Manika Batra match-fixing allegation: Ex-SC judge Vikramjit Sen to head 3-member probe panel
Zee News
Manika Batra, who was left out of the Indian contingent for the Asian Table Tennis Championships, had moved the court earlier this year alleging that the national coach Soumyadeep Roy ‘pressurized’ her to ‘throw away’ an Olympic qualifier match in favour of one of his trainees.
The Delhi High Court has constituted a three-member committee under the chairmanship of former judge of the Supreme Court Justice Vikramjit Sen to look into the allegation by star table tennis player Manika Batra of a match-fixing attempt by the national coach.
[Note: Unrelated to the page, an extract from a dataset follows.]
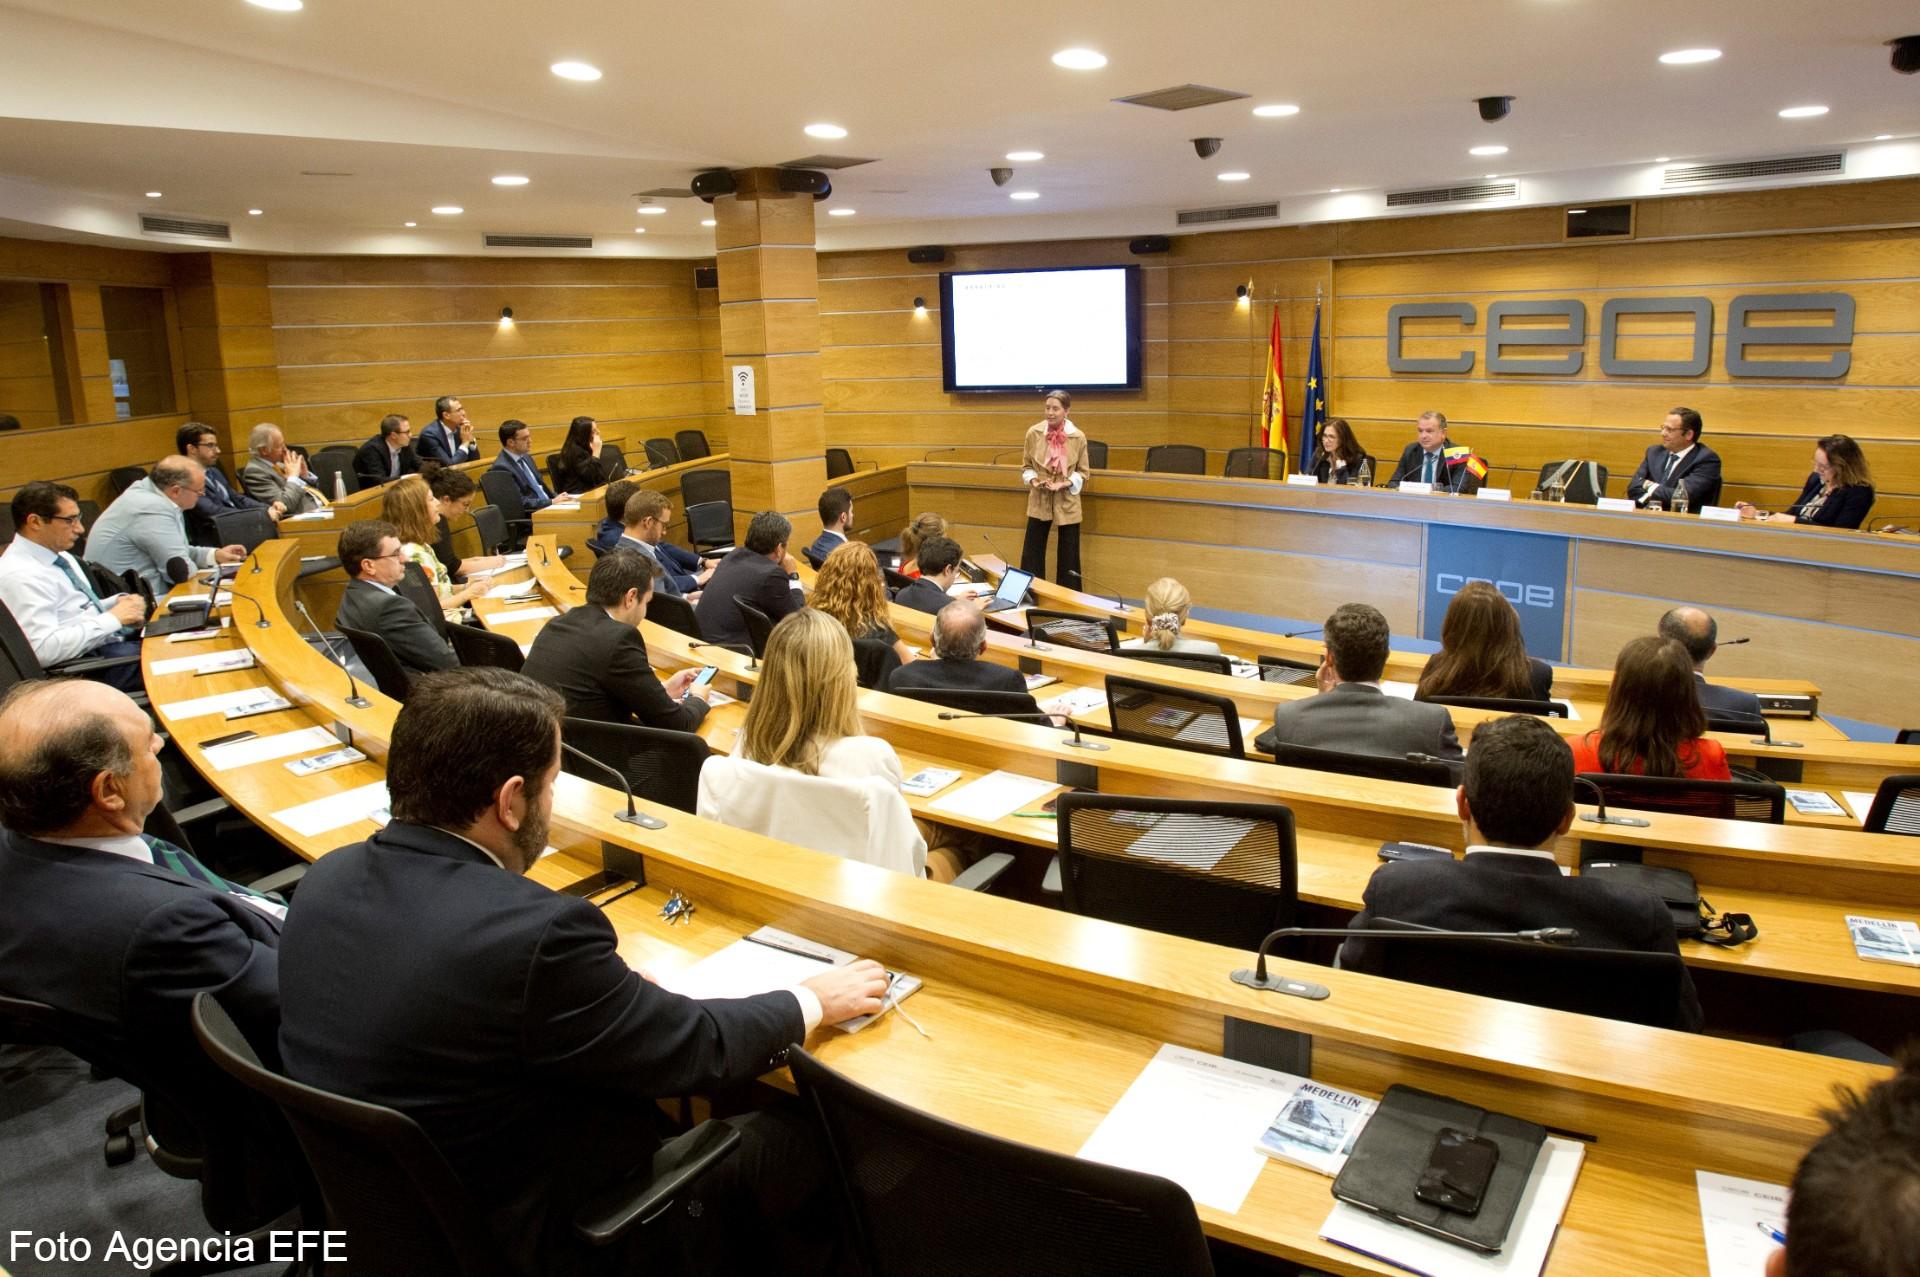 aci-madrid-5-agencia-efe

Another former Supreme Court judge Justice AK Sikri and Arjuna Awardee and Padma Shri Winner athlete Gurbachan Singh Randhawa will also form part of the committee, said Justice Rekha Palli, while dealing with Batra's petition against the Table Tennis Federation of India (TTFI).
Batra, who was left out of the Indian contingent for the Asian Table Tennis Championships, had moved the court earlier this year alleging that the national coach Soumyadeep Roy ‘pressurized’ her to ‘throw away’ an Olympic qualifier match in favour of one of his trainees. She also claimed that TTFI was carrying out its selection processes in a non-transparent manner and targeting certain individuals such as herself.
Given the ‘serious nature of allegations’ levelled by the petitioner, the judge requested the committee to conduct the inquiry as expeditiously as possible and submit its report preferably within four weeks. “However, since this Court had already directed on September 23, 2021, that the allegations levelled by the petitioner were required to be examined by an independent body other than the respondent no.1 (TTFI), and since the Committee appointed by the respondent no.2 (Centre) has failed to examine the same, it is deemed appropriate to appoint a three-member committee to examine the complaints of the petitioner made against respondent no.3 (national coach) and other officials of respondent no.1 in her correspondence dated August 14, 26 and September 17, 2021,” the court said in its order passed on November 17.